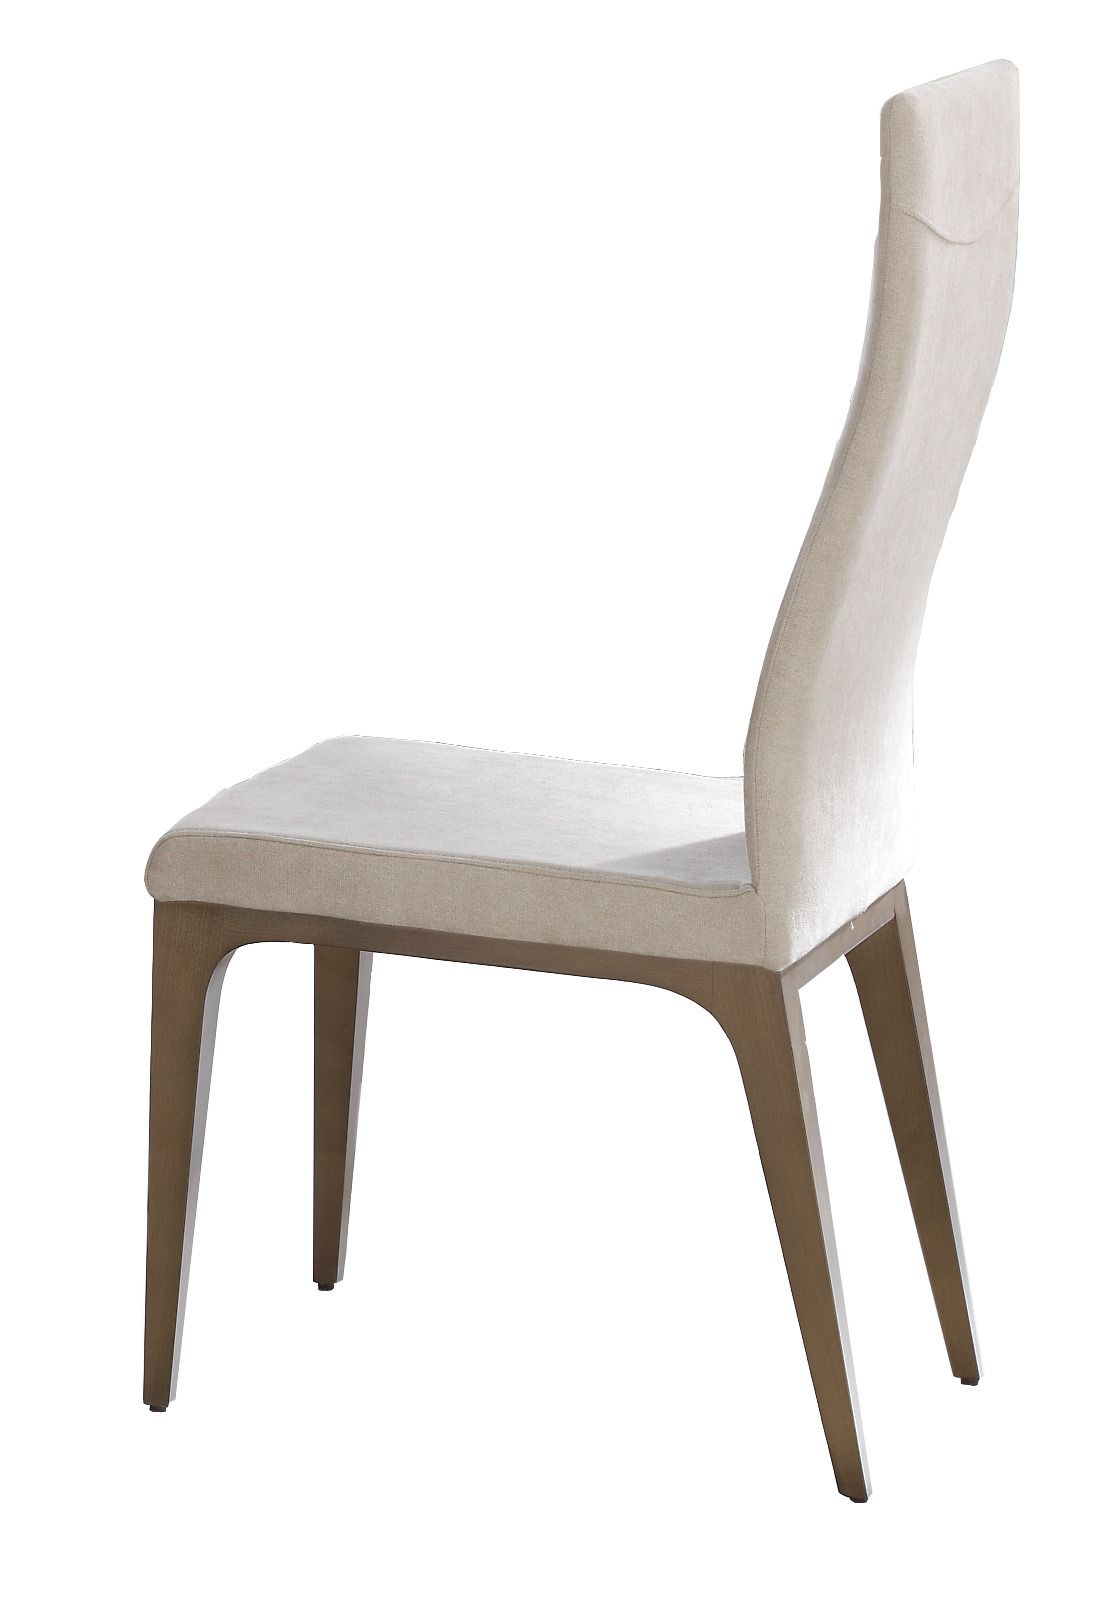 Bedroom Furniture Nightstands Igni chair
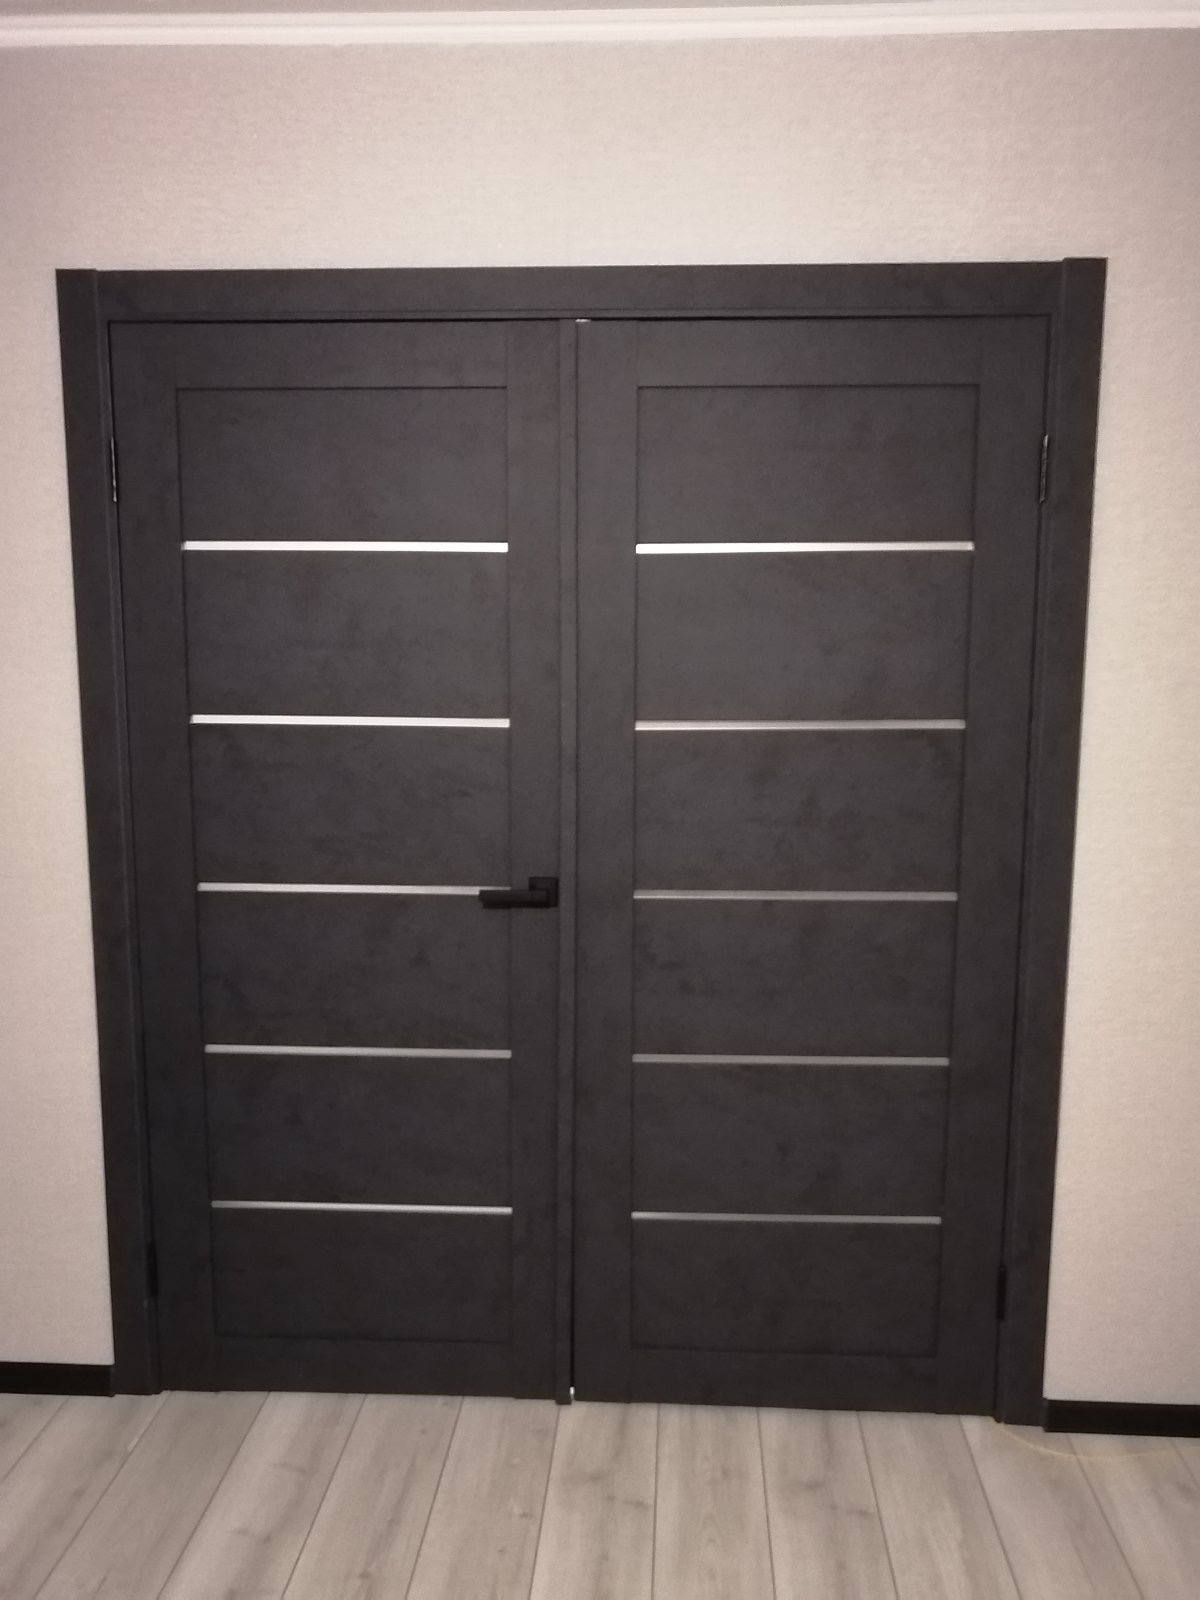 Двери Легно-22, цвет Graphite Art. Производитель Эльпорта (El'Porta)
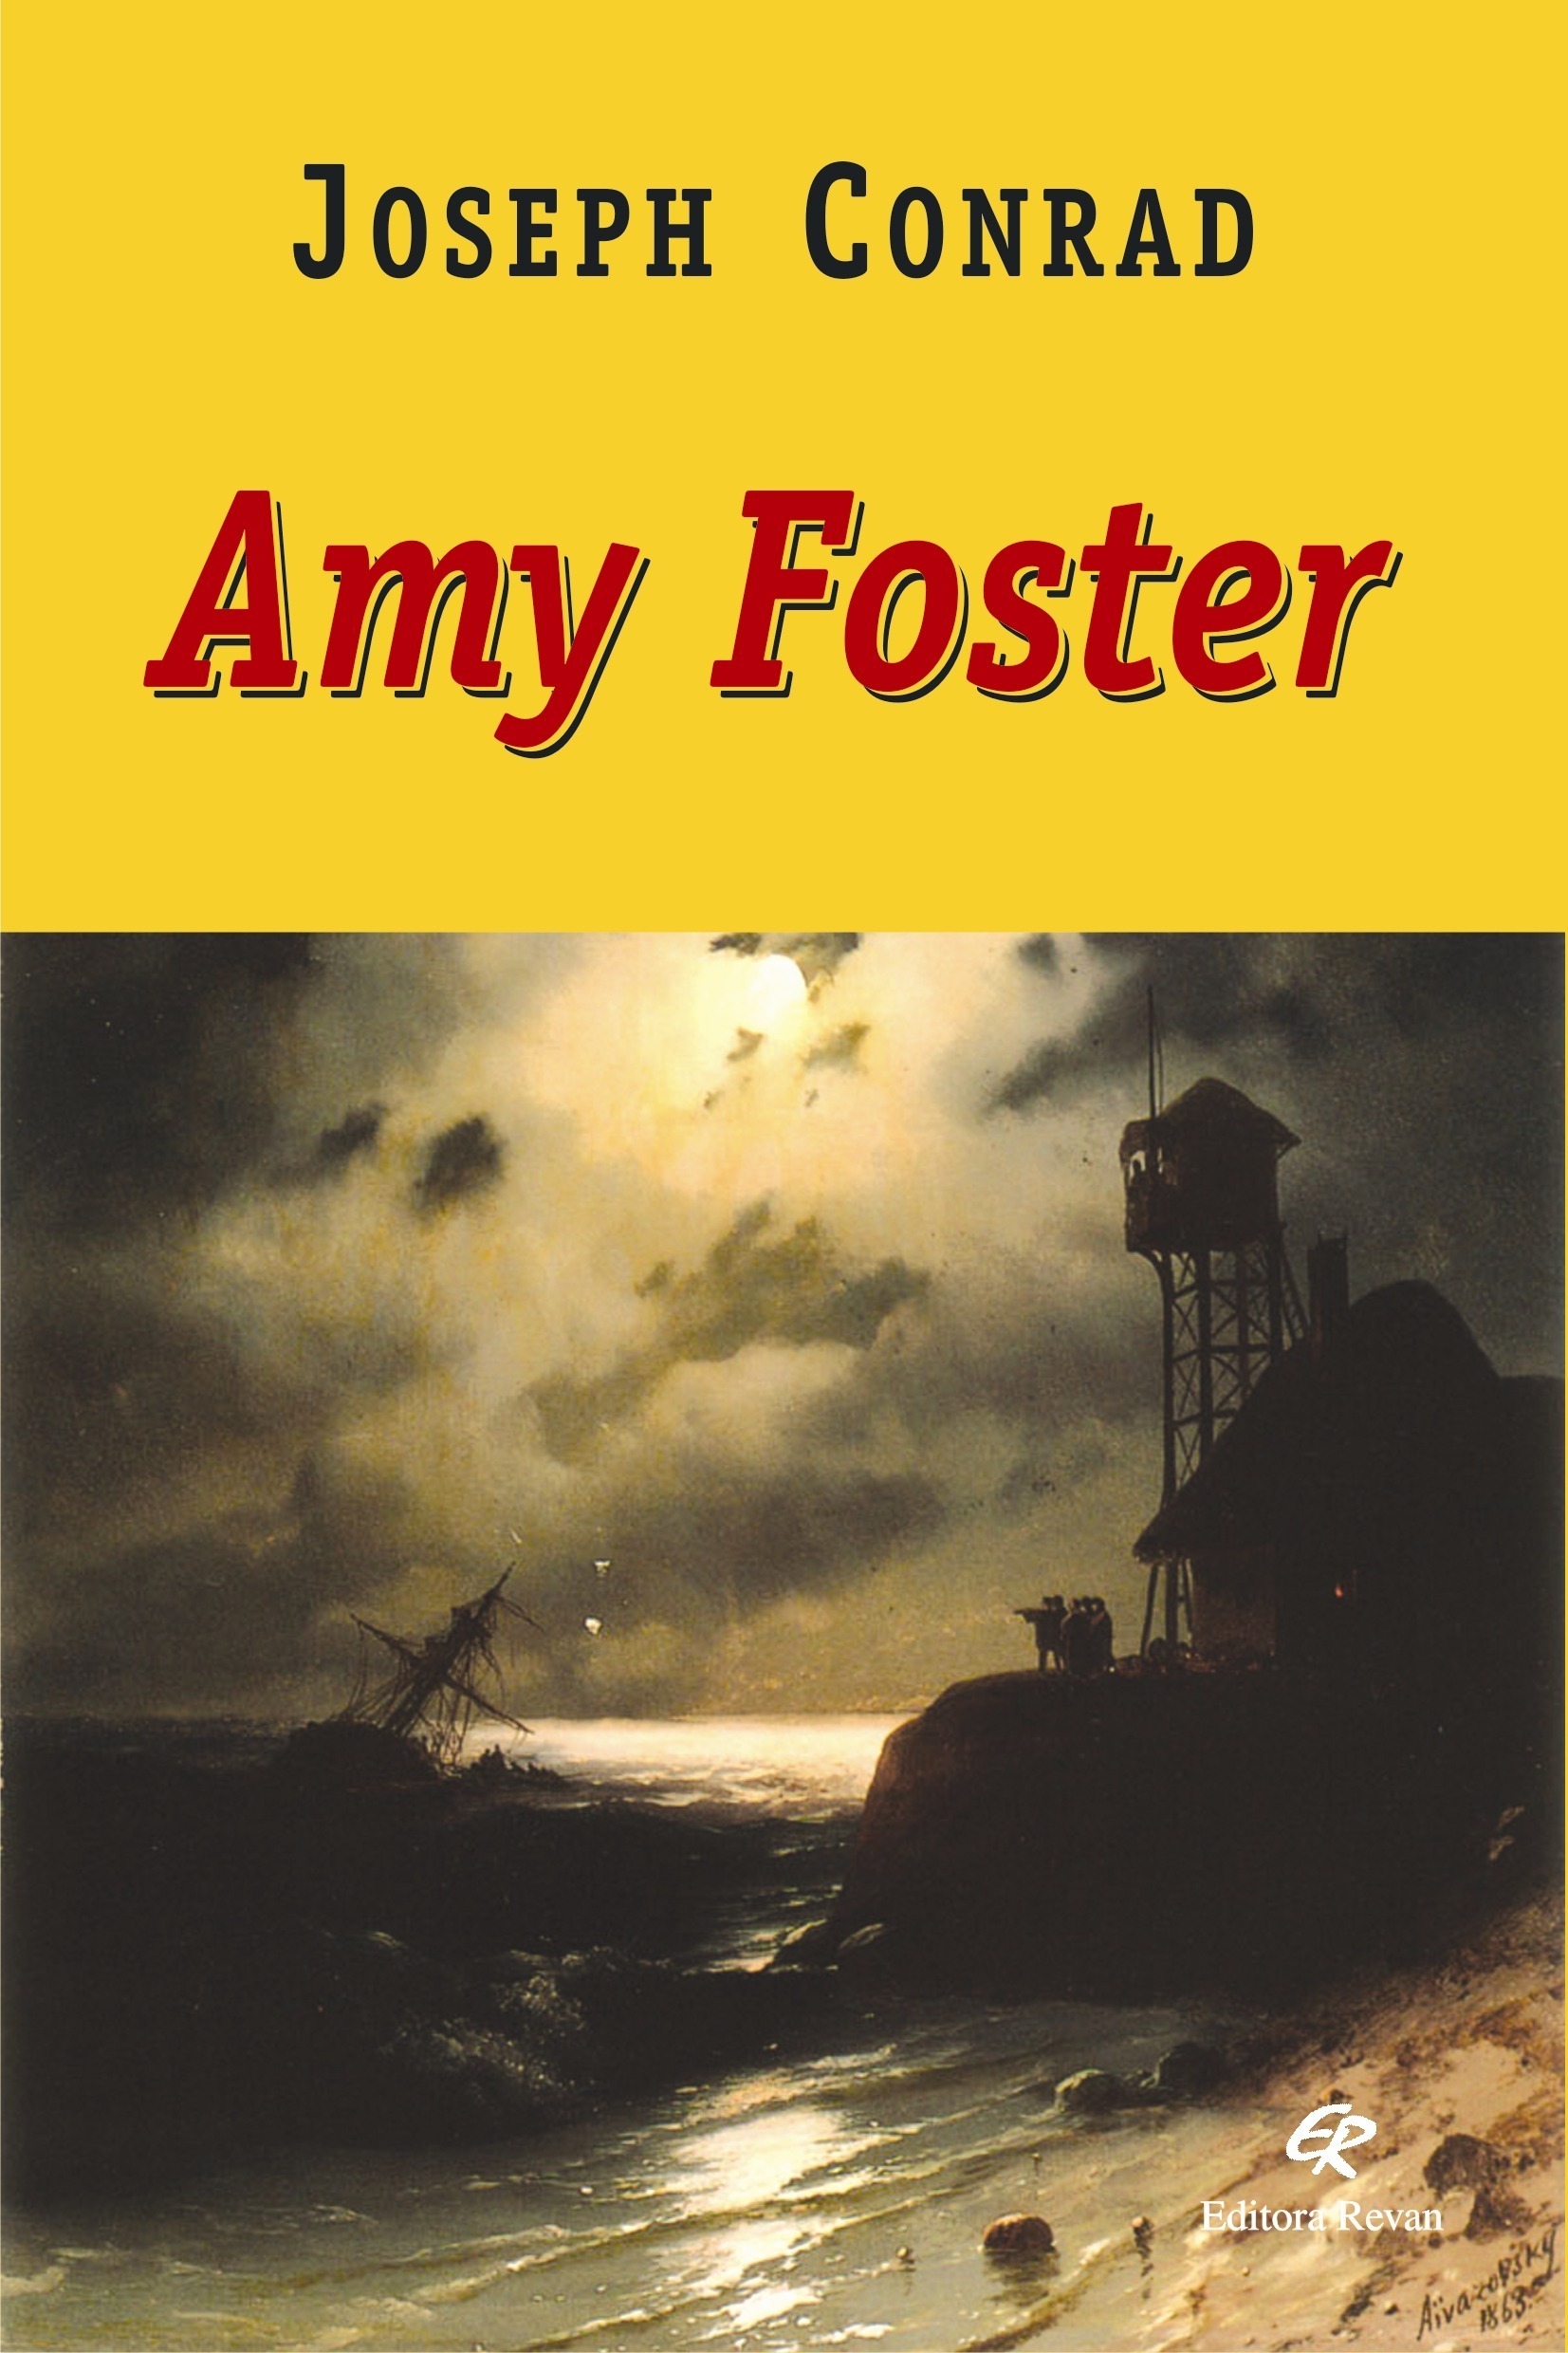 Amy Foster - Joseph Conrad
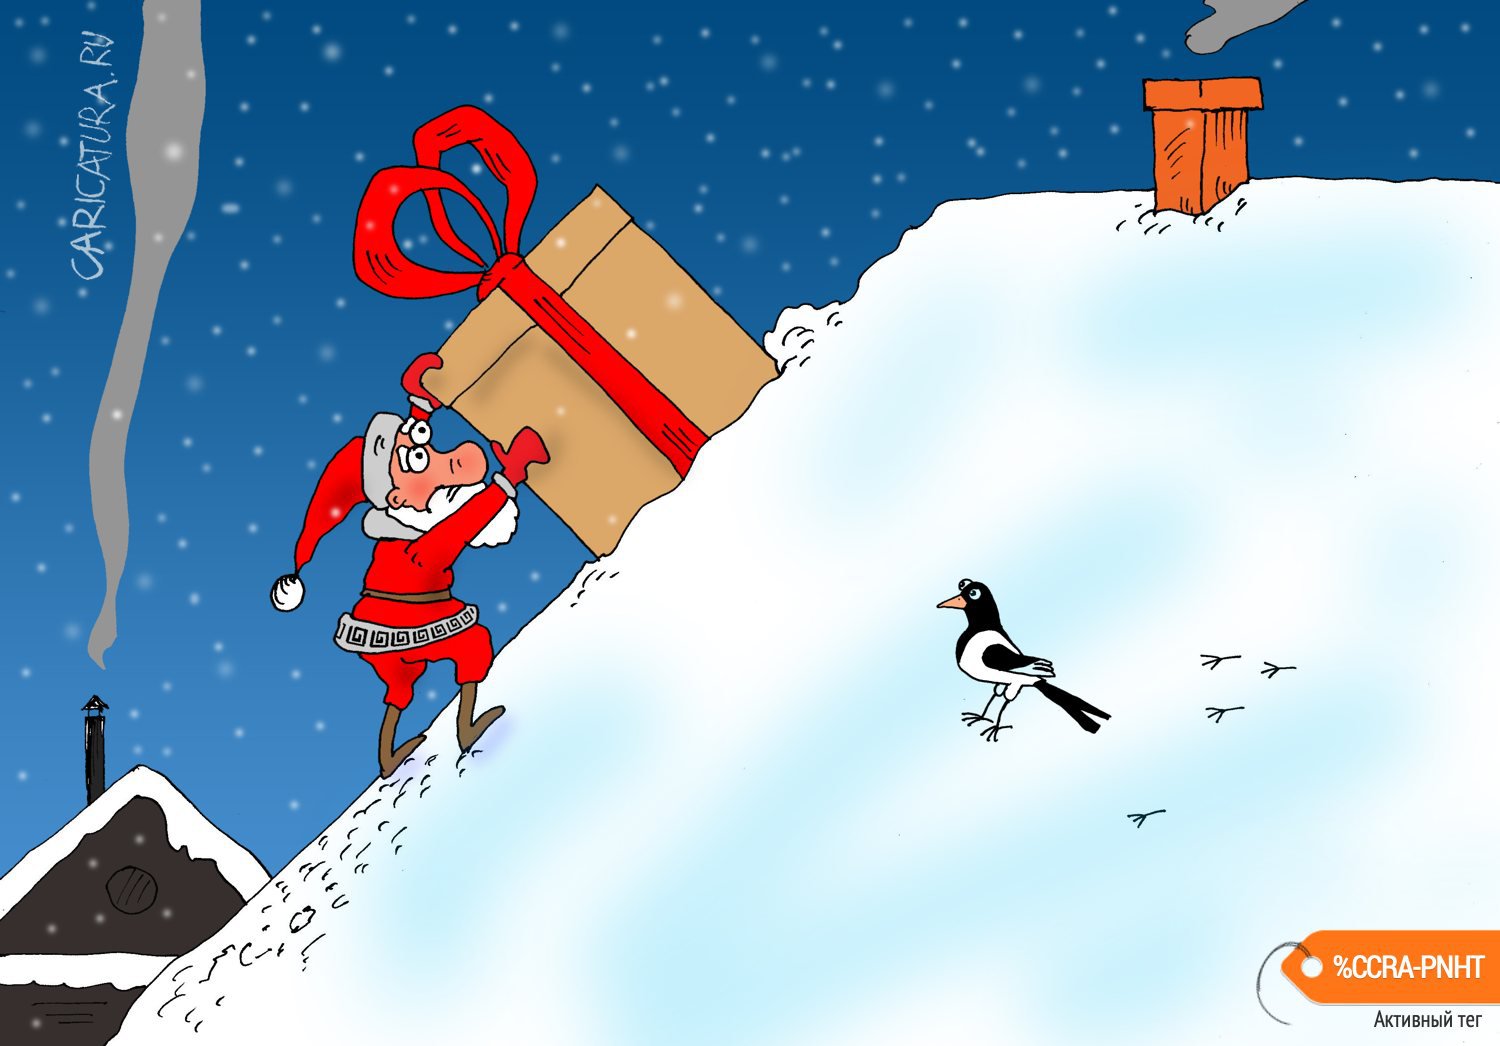 Карикатура "Подарок", Валерий Тарасенко

What you need to do :: Would you return all of the data above word for word, omitting every picture?

Written solution ::
 Bedroom Furniture Nightstands Igni chair
 Двери Легно-22, цвет Graphite Art. Производитель Эльпорта (El'Porta)
 Amy Foster - Joseph Conrad
 Карикатура "Подарок", Валерий Тарасенко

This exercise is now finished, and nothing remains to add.